Work instructions: The line containing "Backpack Mr. Lion - Koko-Kamel.com", and every line after it to the end of the listing, should be repeated exactly; the pictures should not.

Dataset section:
BEGIN

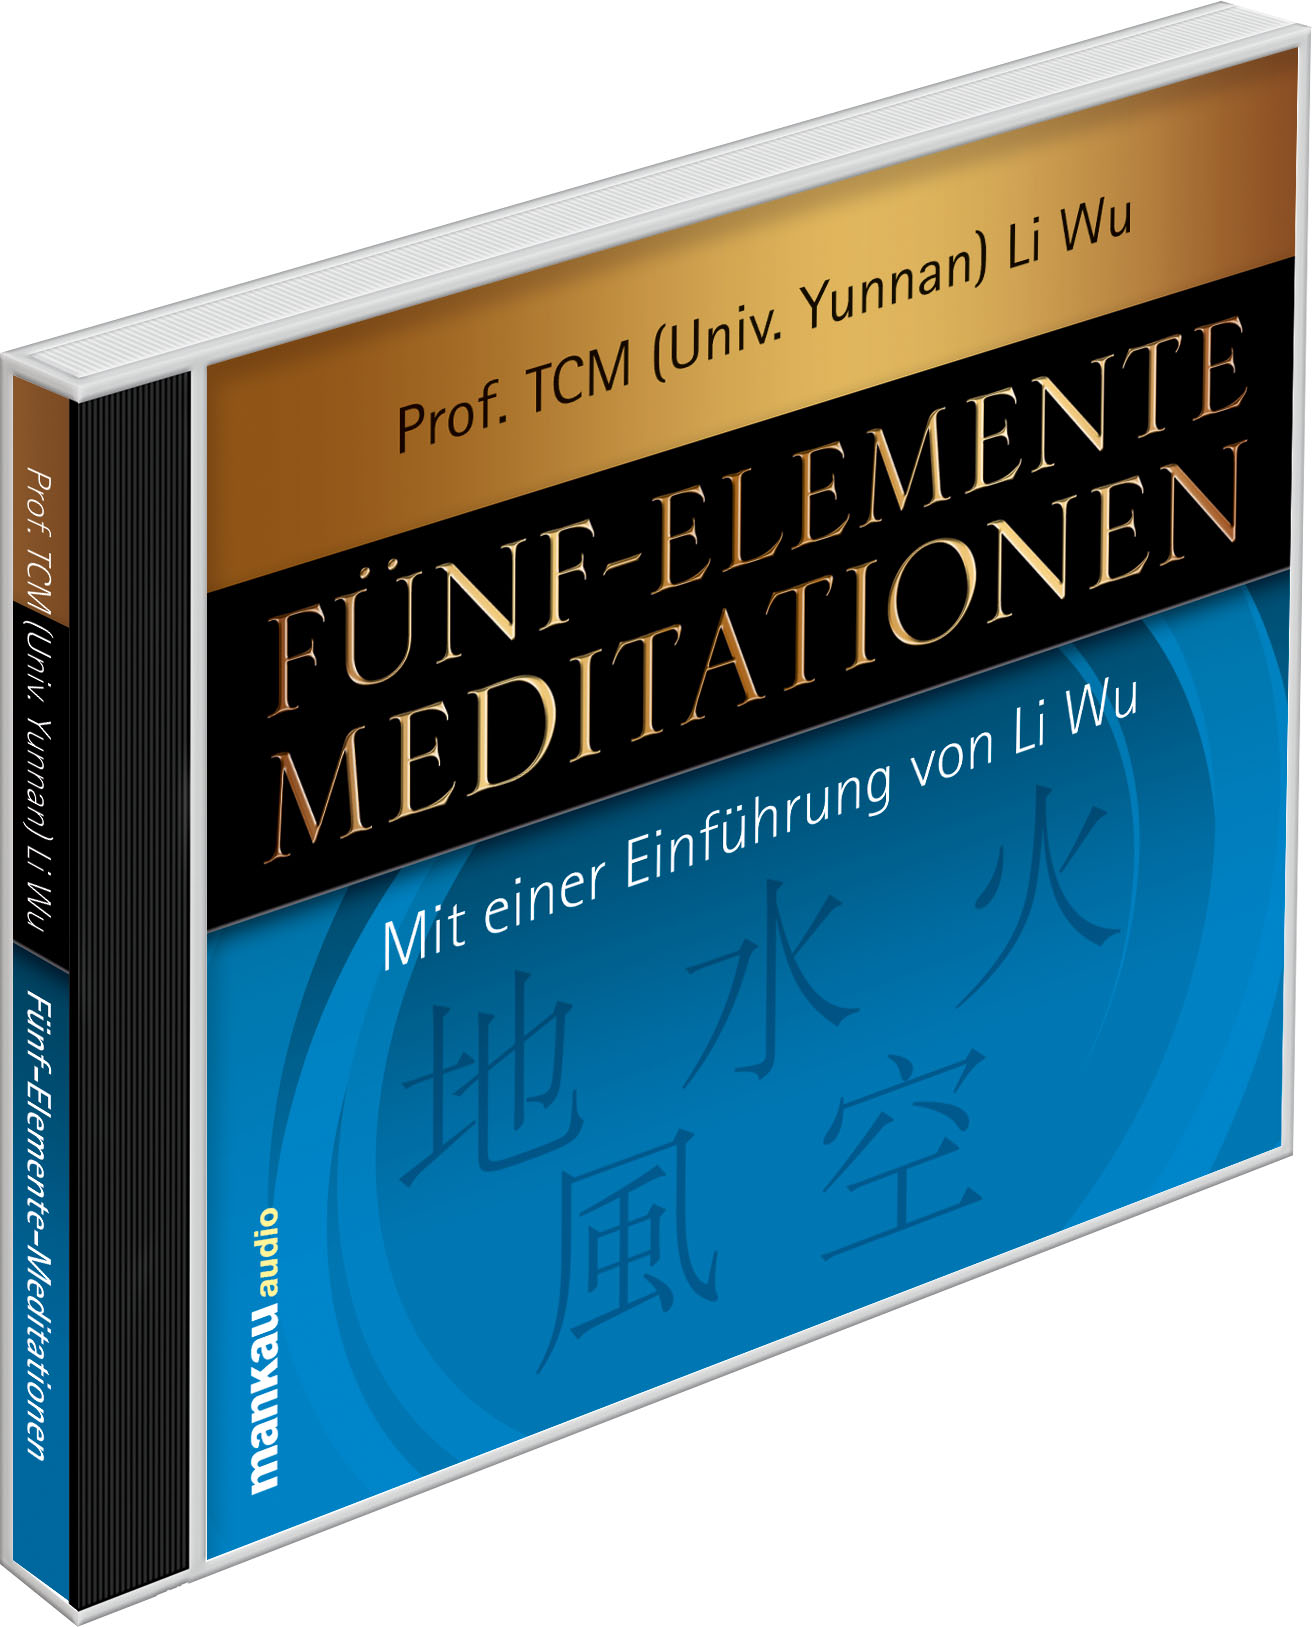 Fünf-Elemente-Meditationen (Li Wu, Prof. TCM Univ. Yunnan) (Audio-CD)
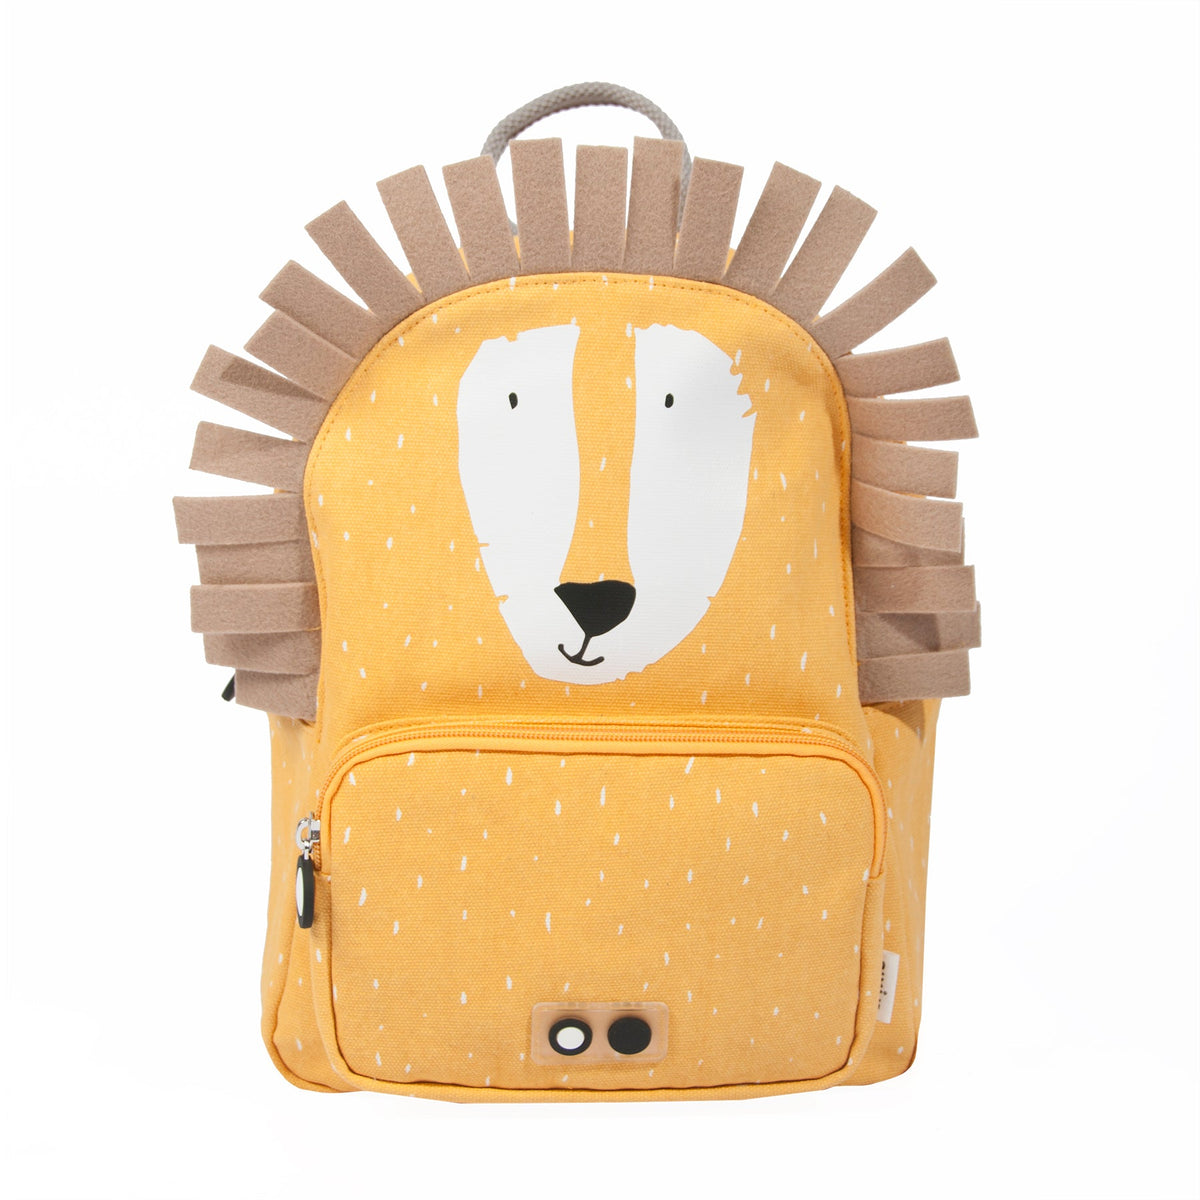 Backpack Mr. Lion - Koko-Kamel.com
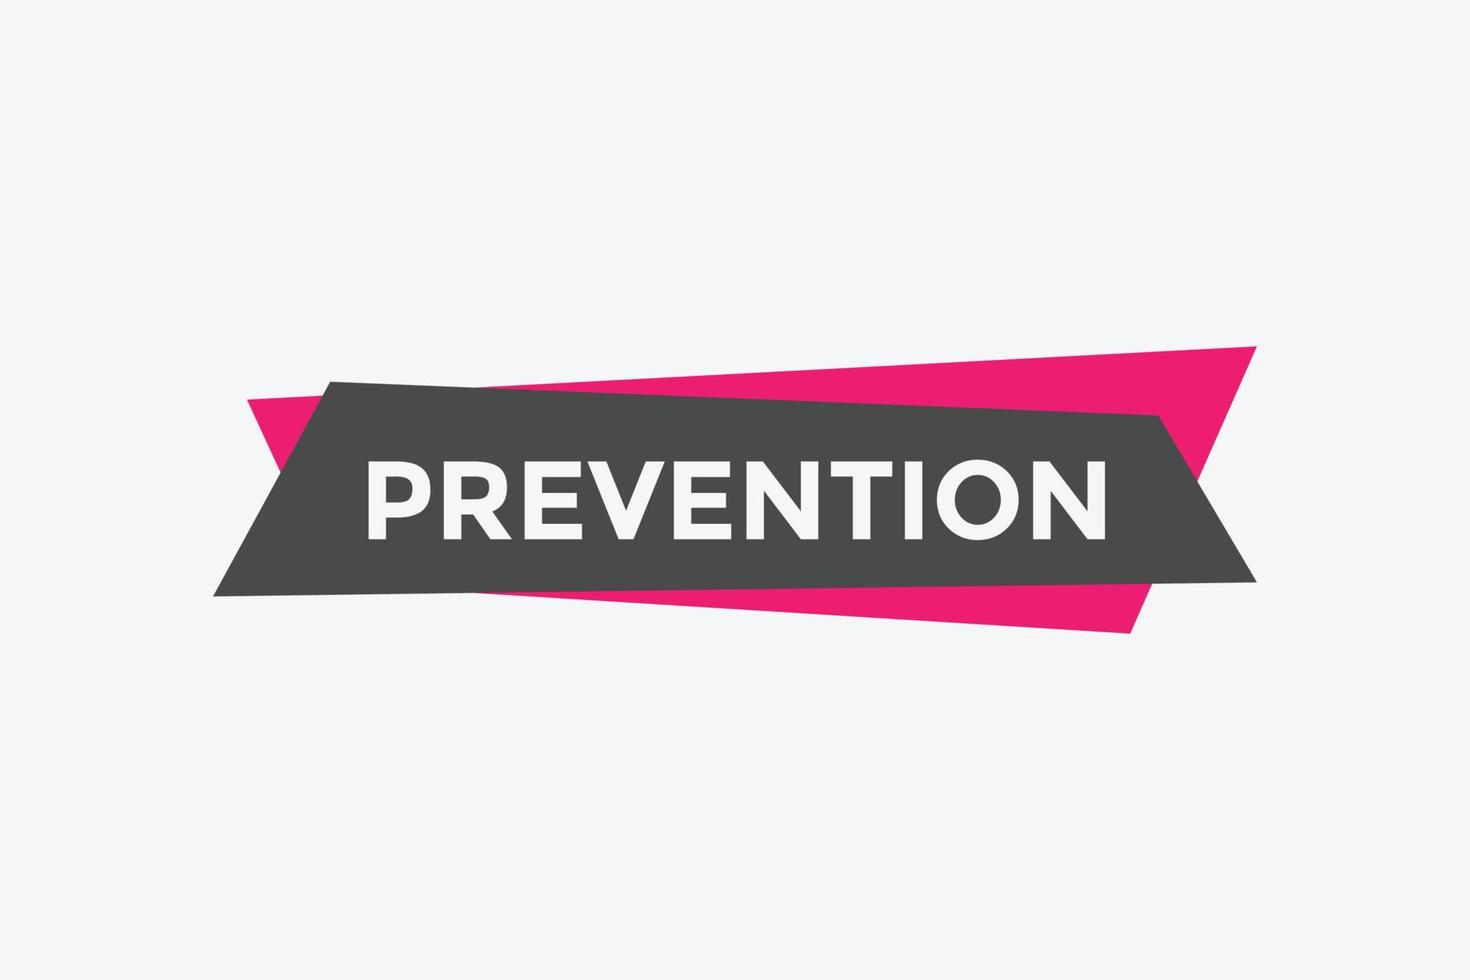 botón de prevención. burbuja de diálogo. banner web colorido de prevención. ilustración vectorial vector

END

Expected output:
 Backpack Mr. Lion - Koko-Kamel.com
 botón de prevención. burbuja de diálogo. banner web colorido de prevención. ilustración vectorial vector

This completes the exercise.